Intro
Wearables are hot these days. I already got used to wearing my Jawbone wristband 24/7 and after a year of using Pebble I’ll newer go back to my old Casio watch again. In this post I’ll put down a few words about my play with Google’s platform for everyday activities data collected from wearables – Fit
Google Fit is like a huge datastore for readings from sensors, most notable being of course Android based phones. It’s a datastore that is also pretty open 0 any application can read and write data in there. The complete data model can be found here. I’ll just briefly point out key elements:
- Datastreams – datastream is basically a source of data. It can be raw data like phone sensor readings or users input. There are also some more sophisticated datastreams as Google is doing some processing on it. Each datastream consists of many datapoints which are values of specific datatypes over time. Unfortunately, there is little documentation on how the values in specific streams are calculated. Only this post by David Schmidt gives some hints on what they mean
- Datasets – Datasets are just values of the datapoints over time. You cannot just get all data from a datastream. You have to query for a specific time range. Google expects you to provide start and end date as 64 bit integers with nanoseconds from epoch. This requires some calculations but makes the service future proof. So far I found nothing with such a precision in my data.

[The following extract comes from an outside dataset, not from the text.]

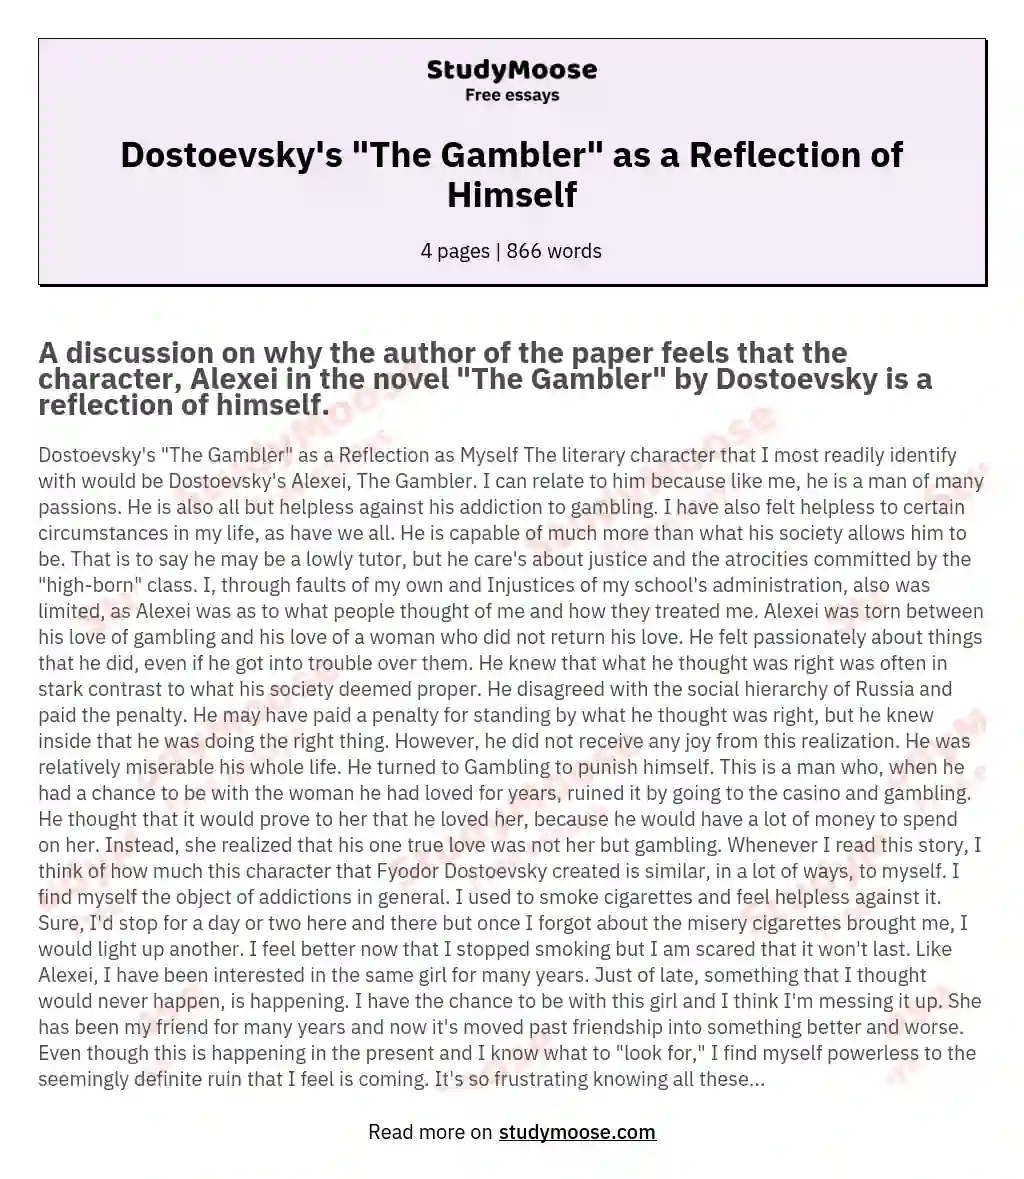 Dostoevsky's "The Gambler" as a Reflection of Himself essay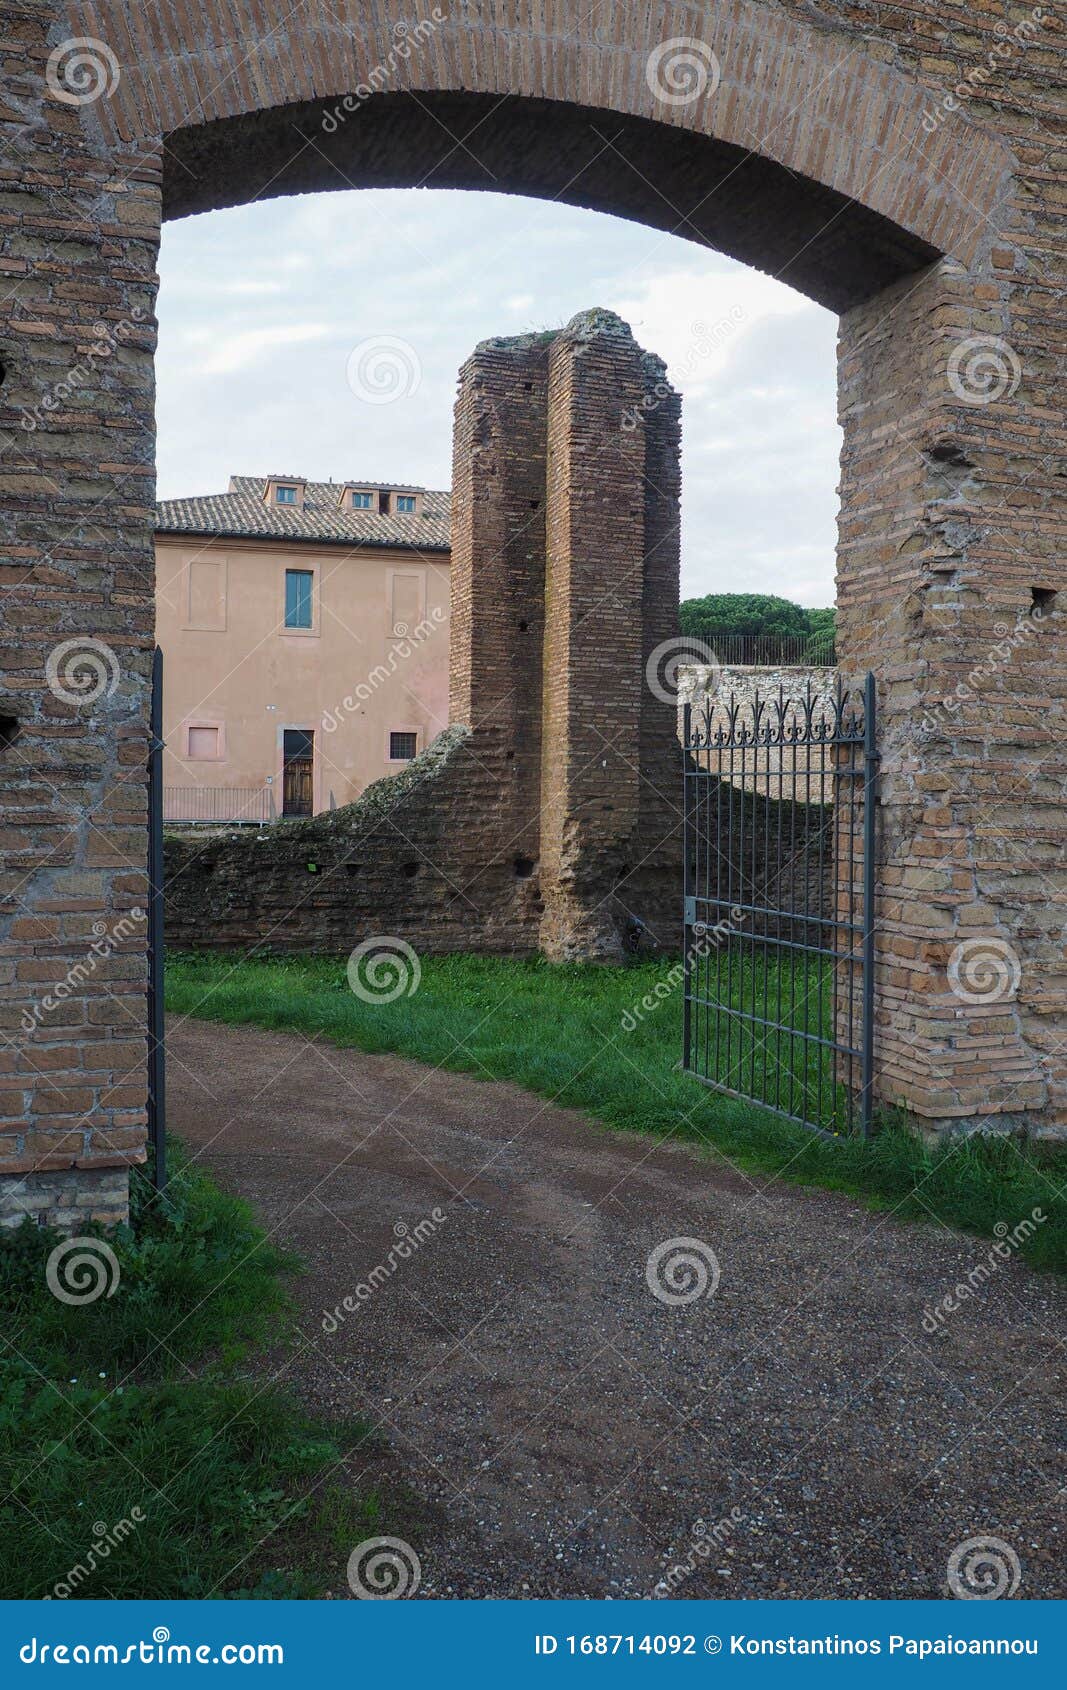 The Villa of Maxentius in Rome, Italy Stock Photo - Image of monument ...

- Sessions – sessions are supposed to be used to record user activities . You input start date, end date and activity type to record what you were doing. Personally, I think Google guys copied the idea of recording activities by pressing the button on the Jawbone band. As of now my Google Fit app did not show any sessions even though I input a few activities in there
Getting the data
Having read the documentation I started playing, to figure out what Google knows about my living and training habits. The first natural choice to see `what’s in the data` was Google APIs Explorer. Just a few minutes of work with the tool proved the old saying about data analysis to be still true – 80% of time is spent on data preparation. Google’s tool wasn’t too friendly with input parameters and would kill the browser whenever the output file was larger than few hundred kilobytes. Certainly I needed another solution.
And I had to develop one. The choice (after a few tries) was a Ruby on Rails application that would speed up data extraction. Getting an application prototype up and running is a pretty smooth process in RoR, though I still had to implement two mechanisms:
- oauth2 authentication – to get the data from Google Fit you have to impersonate the user
- Some sort of data extraction interface
So here comes the app.
The UI is based on the most common stack of open source components like Bootstrap, SSAS, etc.
Authentication is via Google Account only. Default view for the user is the list of his datastreams (datasources). After logging in, the user must refresh the list manually. As the picture shows, I already have 27 streams in Google Fit, most of them coming from com.google.android.gms which is Google Play service running in the background on phone. The list lets you either to get JSON specification of the datastream or dig in deeper to the datastream extraction form.
Submitting the form gives you a nice formatted JSON file with your datapoints.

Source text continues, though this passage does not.